I respect the fact that a group of folks liked the original home page better, and they don't want to participate in the new social news site--it's not for everyone. However, this is a very small percentage of the over millions of unique users who come to Netscape, and for AOL there is a very strategic reason for evolving Netscape.com. That reason is we already have a professionally programmed portal in AOL.COM! Also, we told the users about the change for a month, but some folks I think ignored or missed the messaging. That's a big take away here: over communicate with your members (oh wait, I put this in a recent post--I guess I need to take more of my own advice). If I were to do this again I would put a message that blocked users from visiting the site until they had read a note about the upcoming changes. Live and learn.

Additionally, the fact was that the majority of users were not sticking with the old Netscape. A quick look at the stats (not Alexia please--it doesn't count the Netscape browser--where a large percentage of our traffic comes from) shows that Netscape lost 1/3rd of its audience over the past year.

So, we lost a third of the audience by not changing the site, and now by changing we're going to lose a very small percentage, but be back on a growth path.

Look at it this way: if Geocities could change itself to MySpace before losing it's marketshare to MySpace you would do that right?

Same thing here, we're in the middle of paradigm shift from top-down control to bottom-up participation, and when you make a radical change like that you're gonna get pushback. In fact, I'm really excited to see the pushback because it let's me know we are on the right track.

Any new service is gonna get folks who don't like it. The more radical or forward looking an idea is the more folks are gonna be shocked by it--and this is a radical (but soon-to-be established) concept.

We anticipated in our projections that a large percentage of the audience might not like the new portal (double digits) and we're well below that (single digits)--so, I think we did a good job. When you change the menu at your restaurant some folks are gonna like the old menu better... we understand that and we're sorry we can't maintain two versions of the site forever--but this is a business and we have to grow it. For those folks the AOL.COM portal is still providing the classic portal experience with a massive amount of new stuff including a ton of video and programmed news.

It is ironic, of course, that some folks are voting for *less* interactivity and control, but I understand it. I don't want the New York Times to be a social news site... I think.

Real Time Focus Group Feedback: Part One

We're getting a ton of feedback on the site. I'm going to run through some of the top quesitons.


I understand the need to keep people on the Netscape page. After all, if you send them away, they don't see your ads, and then you can't turn a profit. But the side frame is a bit much; I'd much rather see a "top bar" akin to Google Images or something of that nature. J. Botter

J. Botter is referring to our "Navigator Frame" which you can see in the image below.

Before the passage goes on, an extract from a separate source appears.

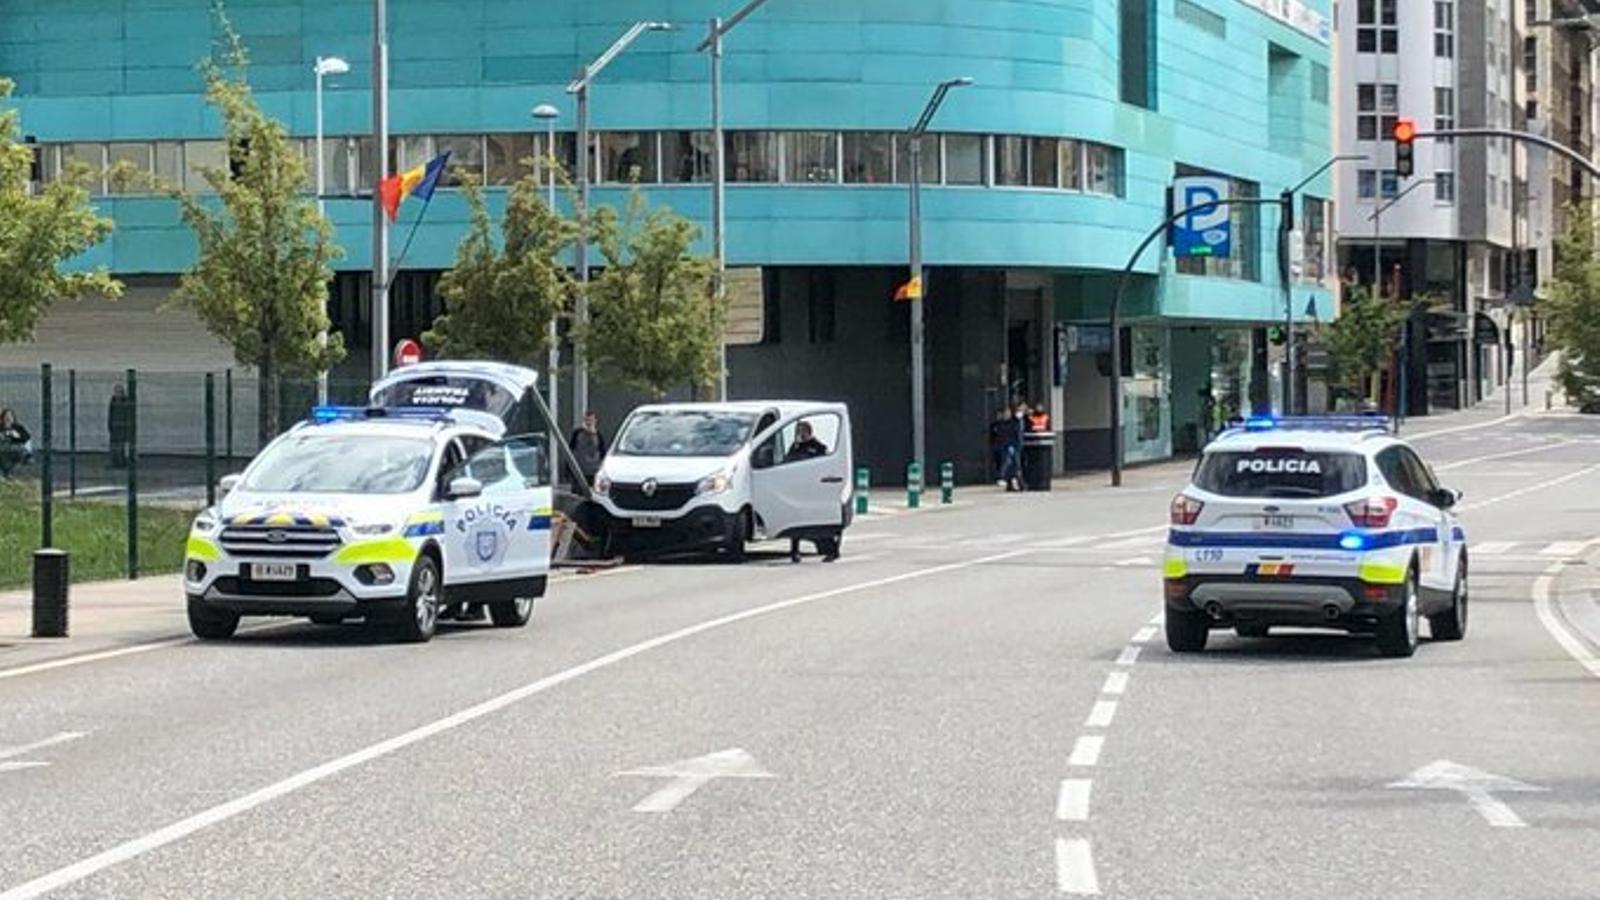 La policia al lloc de l'atropellament. / POLICIA D'ANDORRA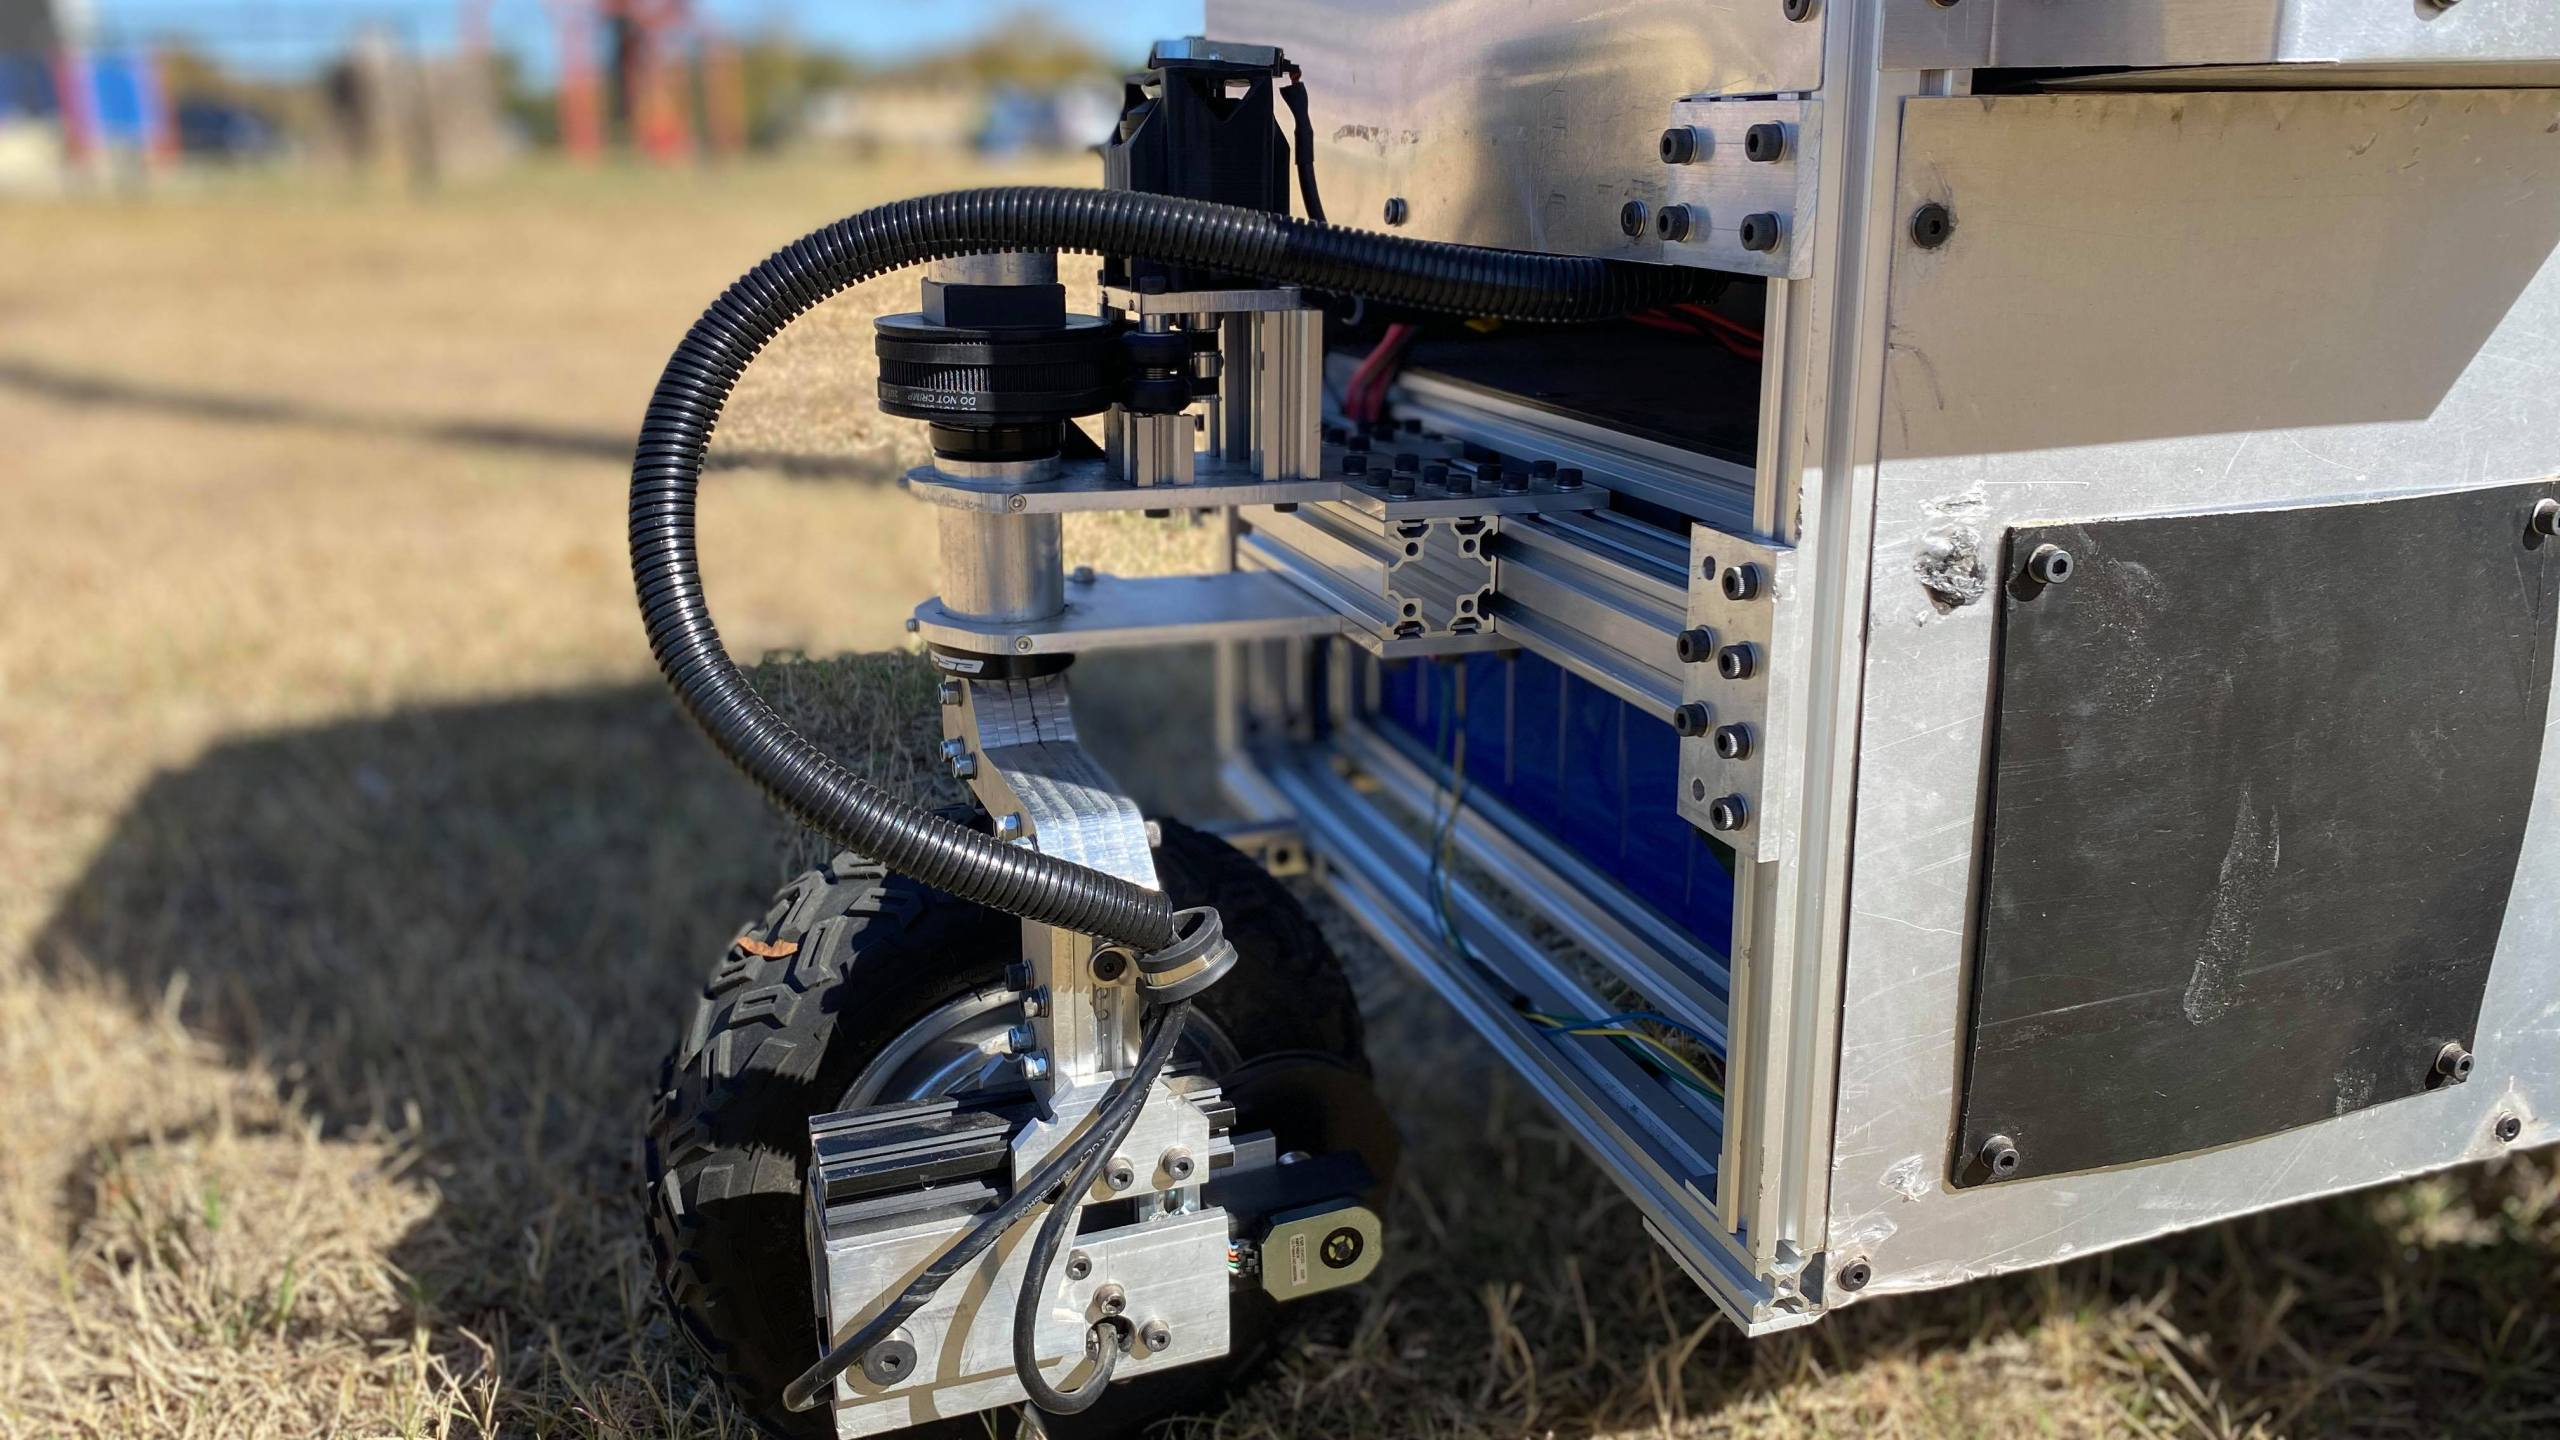 Litter cleanup robot (KXAN/Kaitlyn Karmout)

This is by far the most controversial part of the site design to date. The concept is that when you leave the site we give you a navigation frame that lets you see other related stories. The point of the Navigator is to help folks quickly navigate to other related stories--not to trap folks.

Important things to note:

1. You can click on the "via" link under the headline to go the site without a frame.
2. You can close the frame at any time
3. We don't put any advertising in it (that would be be wrong in my mind).

Regardless, we've spoken about the Navigator with the team and we're going to add a setting where you can turn it off--PERMENTLY! Look for the change this week.




Mike Doel: 1. It's clear that the editorial commentary and follow-up journalism is what will ultimately make this site successful. But, unless I'm missing it somewhere, there's no way to tell from the front page which stories have been given this treatment and which haven't. The front page should include some kind of badge or other visual indicator on stories that have input from your anchors.

Mike is 100% correct, you should be able to tell if there is Anchor Commentary from the top level.

As such we've added a little anchor next to headlines with anchor commentary (aren't we smart :-). You can see two examples below.




Mike Doel's second questions: 2. Your channel selection list is somewhat limited. And given the tagging of stories, it doesn't need to be. Let me create channels of my choosing based on tags.

Right now we have 30 top-level channels for people to put their stories in and you can pull up any tag at any time. I'm not sure exactly what more Mike is looking for, but the concept of channel for us is that these are places that have enough activity for us to put an Anchor on. So, Autos and Food have anchors dedicated to them to keep them nice and clean and populated. If we expand to quickly we're gonna have too much to manage in terms of top 20 lists.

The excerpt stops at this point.